Sunday, December 02, 2007
Birthdays are always a BIG thing in my family.
Big as in piously, religiously, humongously BIG.
Every since I can remember, we have managed to celebrate every one of our birthdays, be it a big sumptuous dinner at a favourite restaurant, a holiday get-away, a chalet celebration, or just the normal home birthdays, cake, candles and pressies included which are more often than not, surprises for the particular birthday boy/girl/parent.
you might think at some point since it occurs every year we would not be surprised anymore and expect it, yes...??? WRONG.
2 years back, I got back home more than a week or 2 after my birthdate.
BUT.
I still walked into my bedroom - lugagges and all - lit with candles, complete with hanging birthday posters on my windowsill and bookracks.
And of course, the cake plus candles, and a beaming Raze trying 100ways to get that look on my face on his cam.
SURPRISED, i so was.
I cannot remember a time in my childhood and even throughout my teens, that my birthday wasn't celebrated.
I don't think it ever was forgotten.
by friends maybe.
by boyfriends, sometimes.
but never by them.
I have never forgotten any of theirs either, and as I took over Mom's role of being the main organizer (tasks included being reminding everyone each date thats coming... setting up venue of celebration, method of surprise etc... HARD job, okay???) of such celebrations, I learn the further importance of celebrating one's birthday with close ones around....
Cos this is one of those very minimal times that I absolutely do regret not being at home and having them around me, gathered in an excited circle (sometimes complete with party hats and kiddy whistles courtesy of the kids) with those silly expectant faces willing me to make my wish and blow out those candles.
Its also one of those ultra minimal times that I feel like crying when I think of them being back home and me being so far away.
And you Ned, you just added to my already drama-keling evening of trying not to cry and get the next flight/boat/ship/sampan home just for this day.
http://dreamgirlie.multiply.com/journal/item/106/Dah_tua_lah_Ja.
tsk tsk.
I am getting emotional, I am. Being 26 doesnt agree with me.
Thank you loves, for all 15 or more of your texts that came through right about midnight Singapore time and all your funny and some less funny (points at Raze) birthday wishes.
Thank you Ned, for your kinda-lesbian inspired blog entry for my 26th.
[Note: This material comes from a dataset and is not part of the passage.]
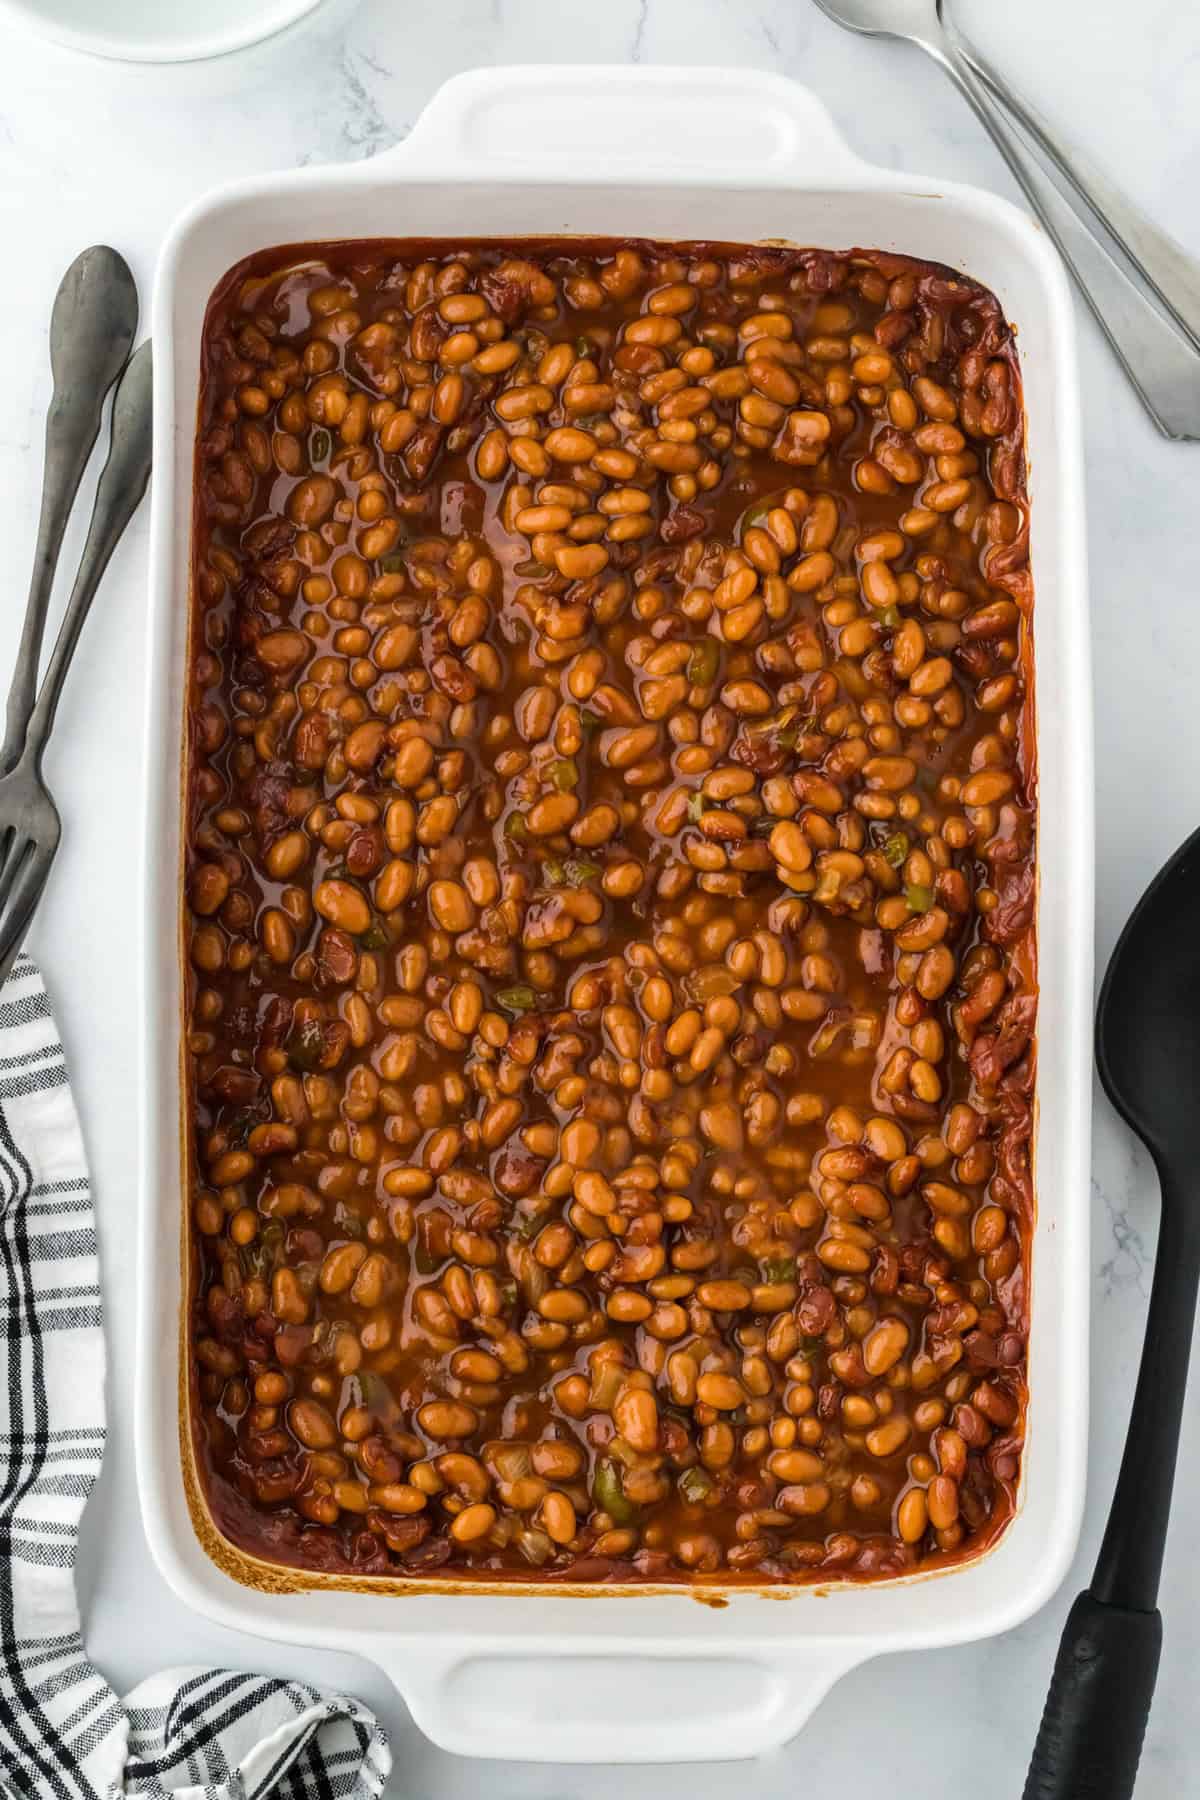 A large dish of homemade baked beans recipe in a white casserole dish on a white background with a black spoon on the side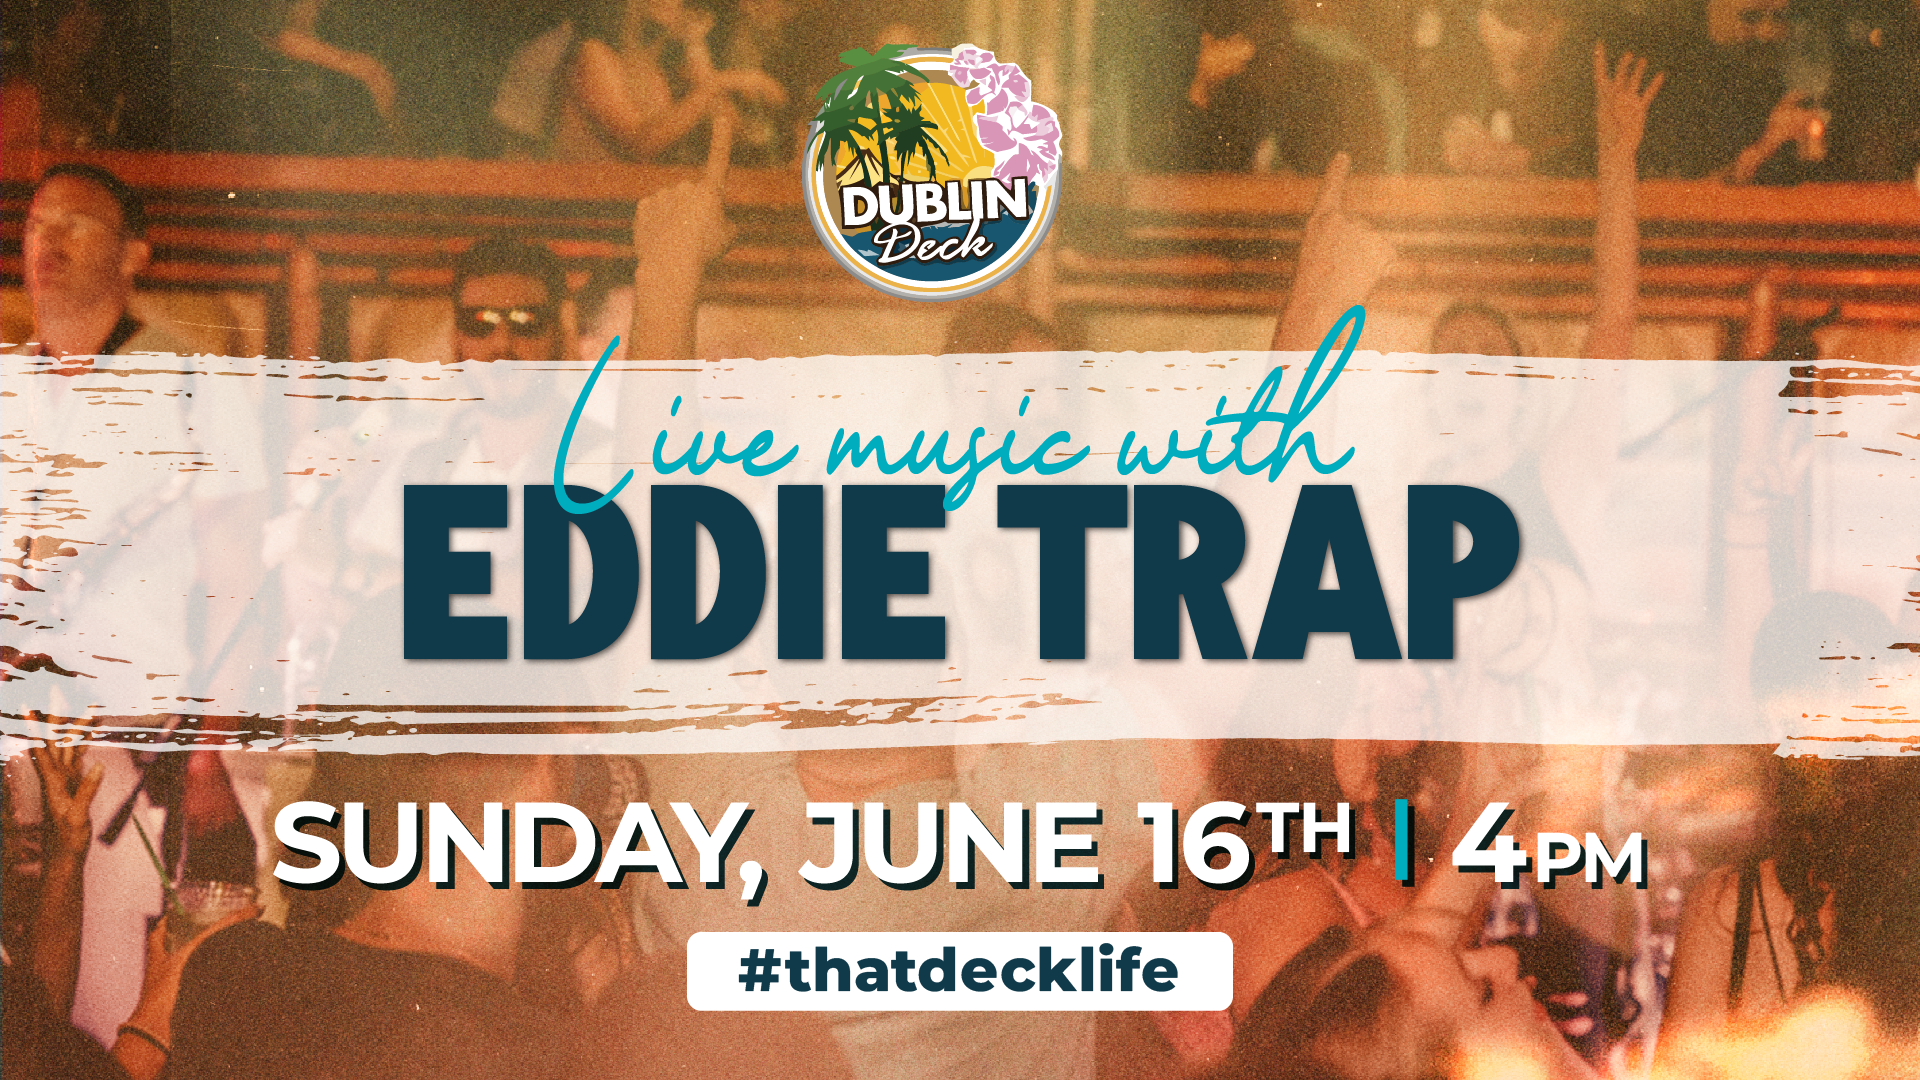 flyer for live music by eddie trap on june 16 at 4pm

If I close my eyes just hard enough and imagine, it feels like as though I have all of you right with me on my birthday.
Thank you.
P.S: Also to a certain Capt H, for actually remembering AND reminding me I am now closer to 3-0 (even if it was more thanks to Mr Bill Gates!).
:)
Needless to say, This is 1 family tradition that I will persevere to keep with my kids and grandkids to come.
Even if I would need the aid of calendars to keep me remembering dates as I grow older.
Oh, no need for calendars now, let's not forget the electronic organizer that one you nice brothers of mine have kindly VOLUNTEERED to present me with once I got back home, yes?